My little porch and all that big, comfy furniture has become a mecca for my son’s friends. No one seems to care that it’s a room stuffed with chairs butting up against one another or that the couch is just inches from the television. The porch reminds me of the “forts” my boys would build as kids, when they would move chairs and side tables next to each other and throw a blanket over the top. Yes, it’s a college “fort,” all right. The only thing that matters to my son and his friends is that it’s closed off from the rest of the house, it’s comfortable, and it has a television and card table. 

Taking possession of our neighbor’s furniture did motivate us to carve out some time to open the boxes in the garage, however. We sorted through everything and chose to keep those items that we cherish the most, and donated to various charities what we couldn’t use. Ahhhhh, now there’s some room in our garage! We can move bikes in and out easily, get to the recycling bin, and maybe, next summer, have enough room to store our son’s college furniture! 

But then another text came. “Does anyone need a bed?” 

As it turns out, that same son absolutely needed a bed. So the newly cleared area in the garage became the temporary home of a bed frame, box spring, and large mattress. 

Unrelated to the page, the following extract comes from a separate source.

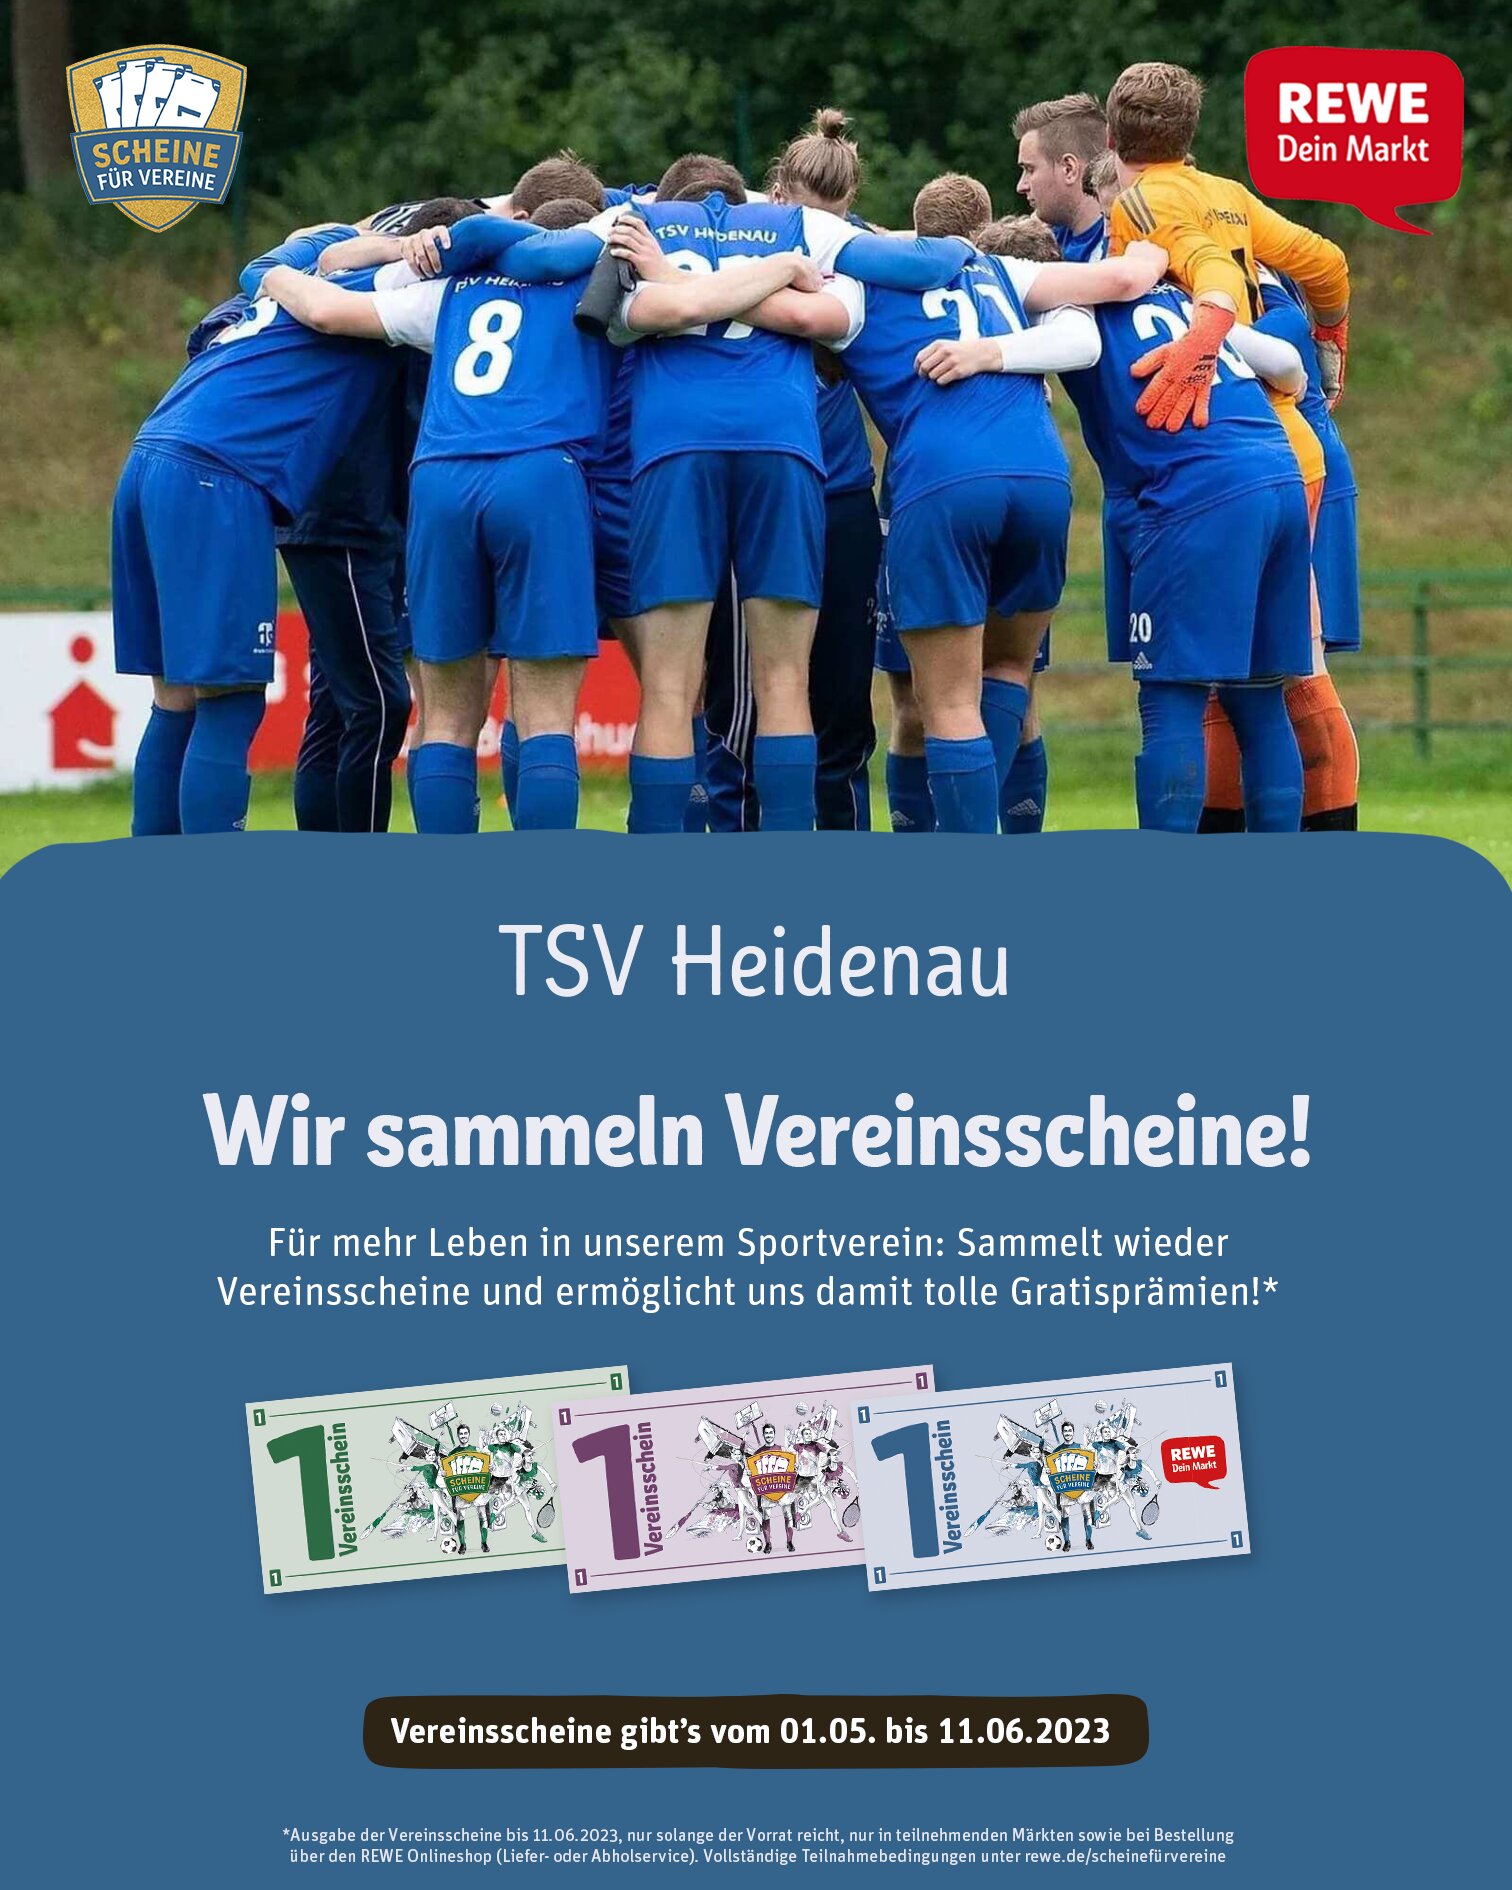 Rewe Scheine Fuer Vereine Poster Feed (1)

My coping method for all this décor chaos? I remind myself, over and over: We are in a transition mode and I’ll have order again come fall. (Of course, if you really map out life’s stages and think about all the stuff we purchase, use, get rid of, inherit, take, give away, store, etc., you’ll find that life is always in a  “transition mode.” And thank you, neighbors, for making this particular transition a great deal less expensive!)

Then there’s my older son, who has a summer internship in the Big Apple. He moved with just a few bags of clothes to a completely furnished apartment (thanks to the company he is working for). It took him literally a pair of New York seconds to move in. His surroundings are anything but the mish-mashed environs of our lives at home. Upon entering that swanky Manhattan apartment, I admit that I immediately craved a slice of his life — all minimalist, practical, and haute hotel-ish in a black-gray-charcoal-and-cream palette. Just give me a month of that, please!

But back to the reality of my daily chaos. At night, when I’m hitting the hay, I hear my son’s friends come sauntering in (their evening is just beginning!), pizza cash and coins for midnight Slurpee runs jingling in their pockets. On the porch, reruns of The Office play on the TV, while a deck of cards is waiting to be shuffled, and chips and salsa are at the ready. The kids will soon slide into those big, cozy seats, and another evening at the “fort” will get underway.

My home may be a designer’s nightmare right now, but all is well.